> **SUPPLIED INFORMATION**
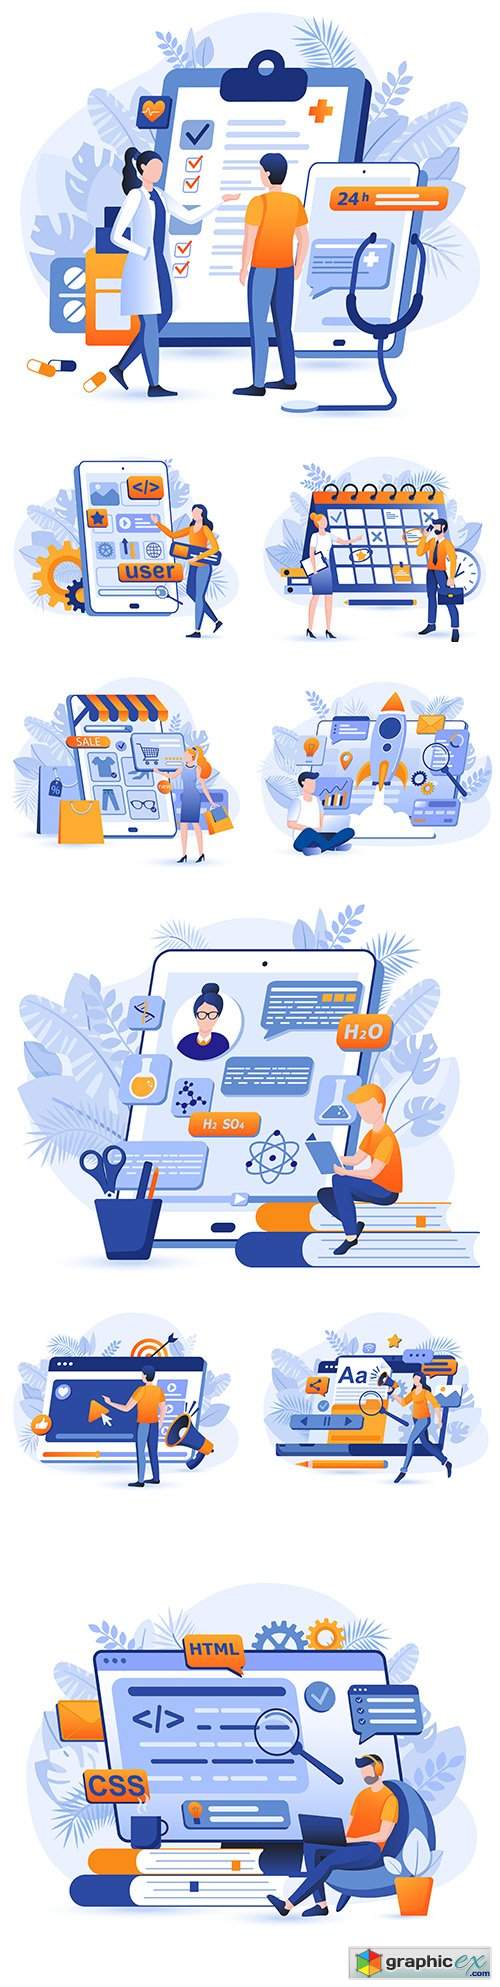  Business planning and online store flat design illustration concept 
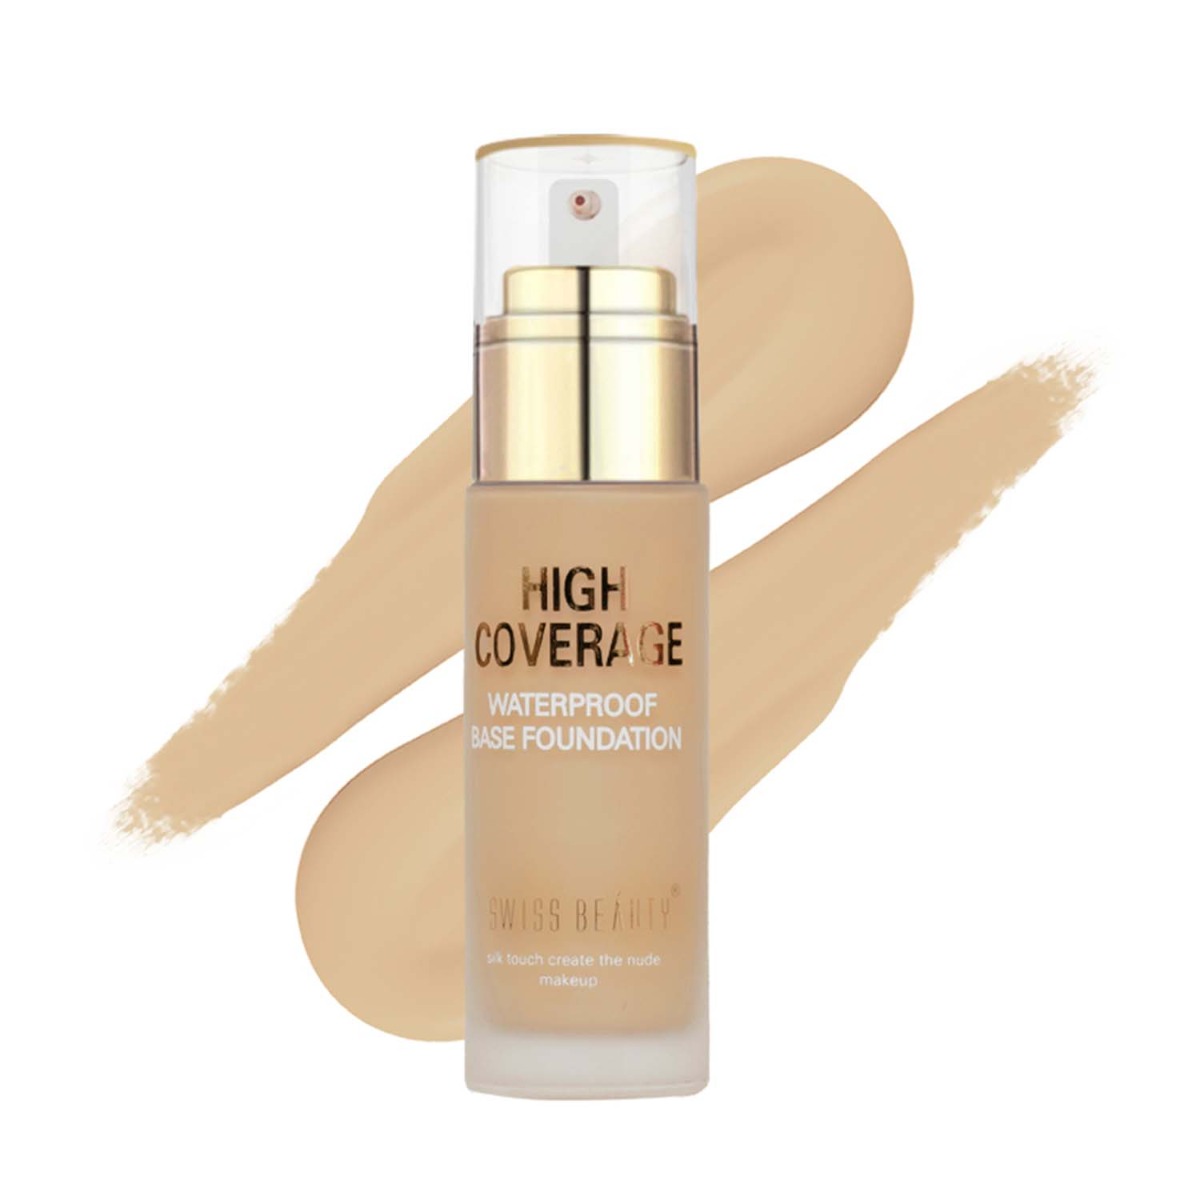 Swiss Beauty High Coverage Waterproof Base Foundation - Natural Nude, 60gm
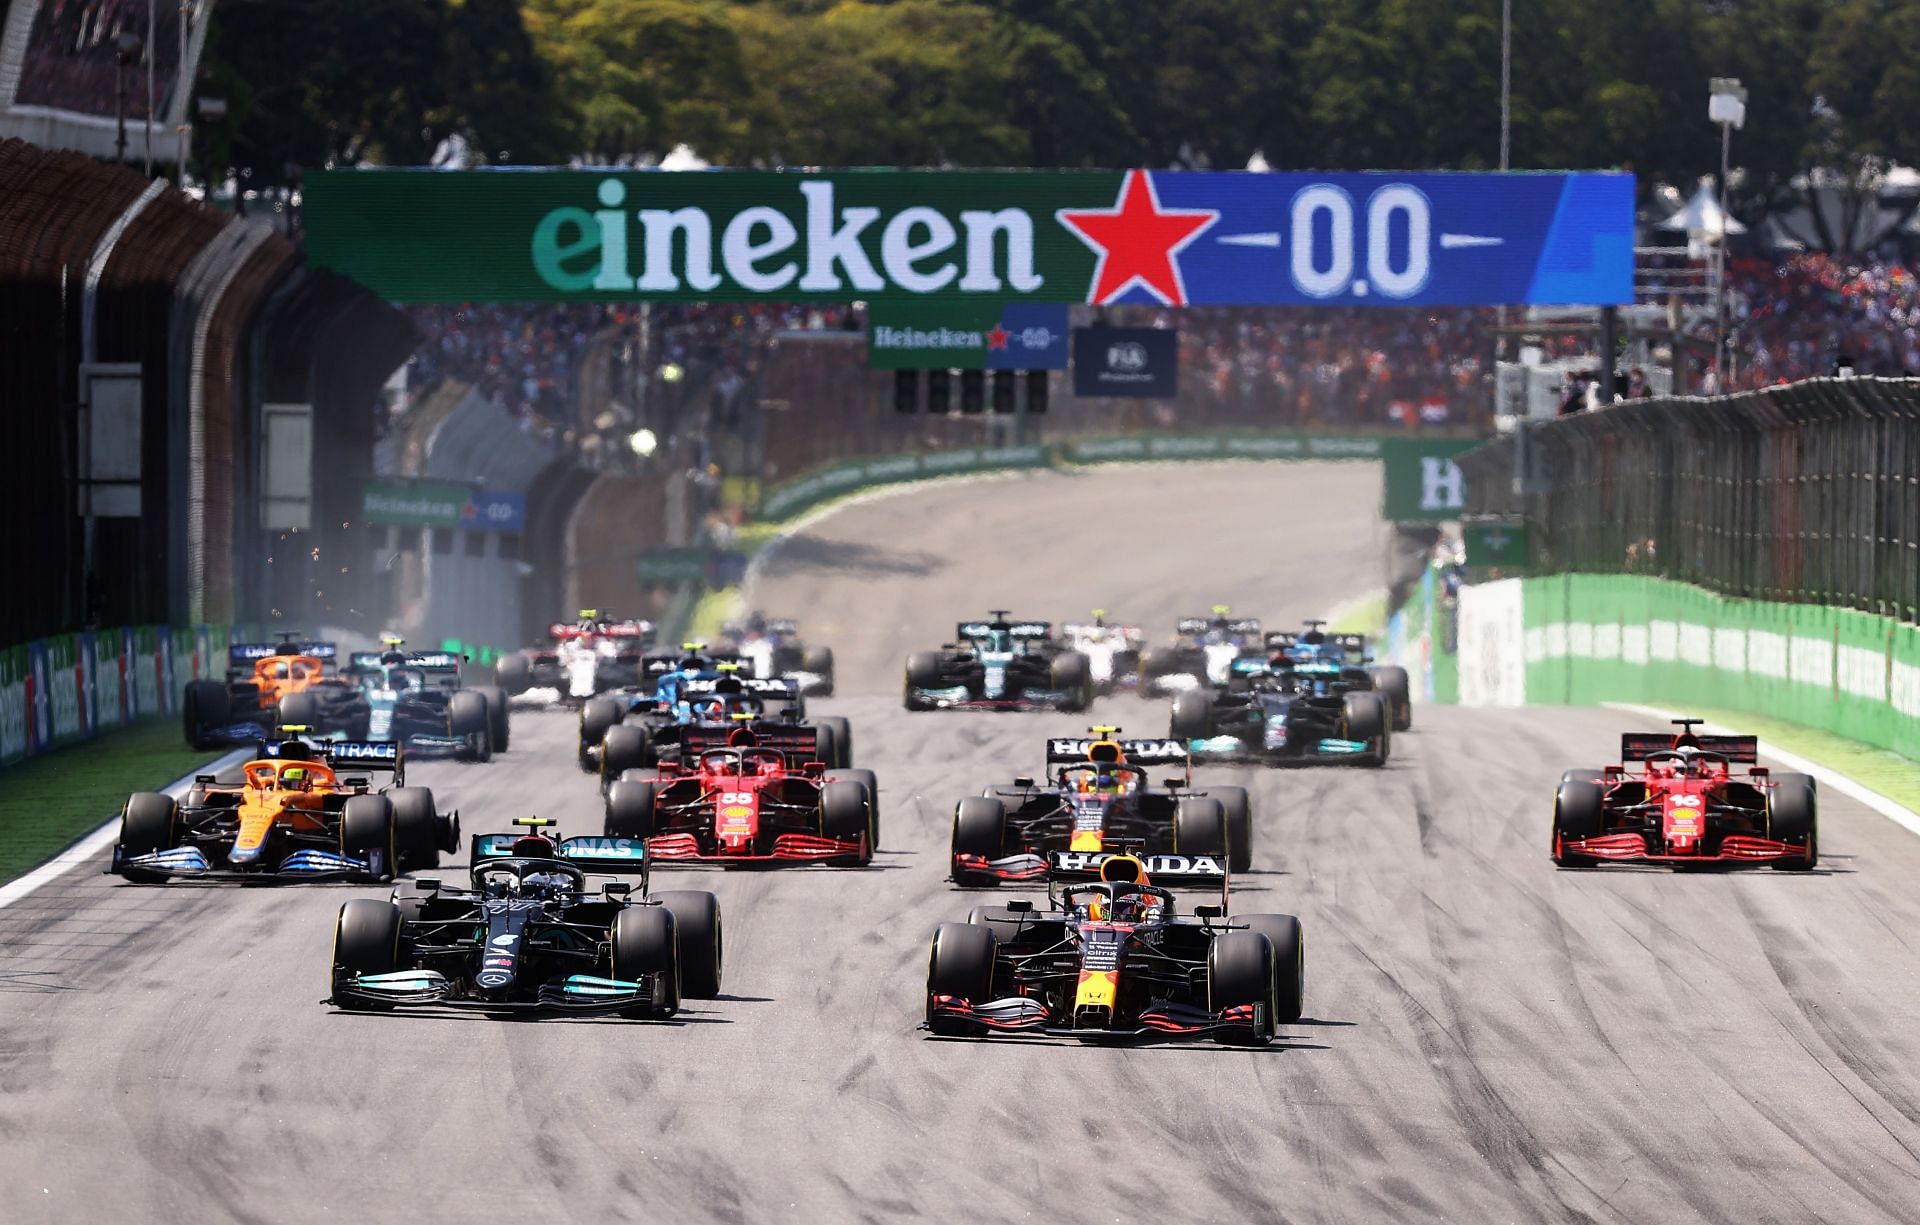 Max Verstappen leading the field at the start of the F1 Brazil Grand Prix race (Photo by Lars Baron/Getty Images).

> **ABOUT THIS TASK**
Give the listing above again word for word, without its pictures.

> **RESPONSE**
  Business planning and online store flat design illustration concept 
 Swiss Beauty High Coverage Waterproof Base Foundation - Natural Nude, 60gm
 Max Verstappen leading the field at the start of the F1 Brazil Grand Prix race (Photo by Lars Baron/Getty Images).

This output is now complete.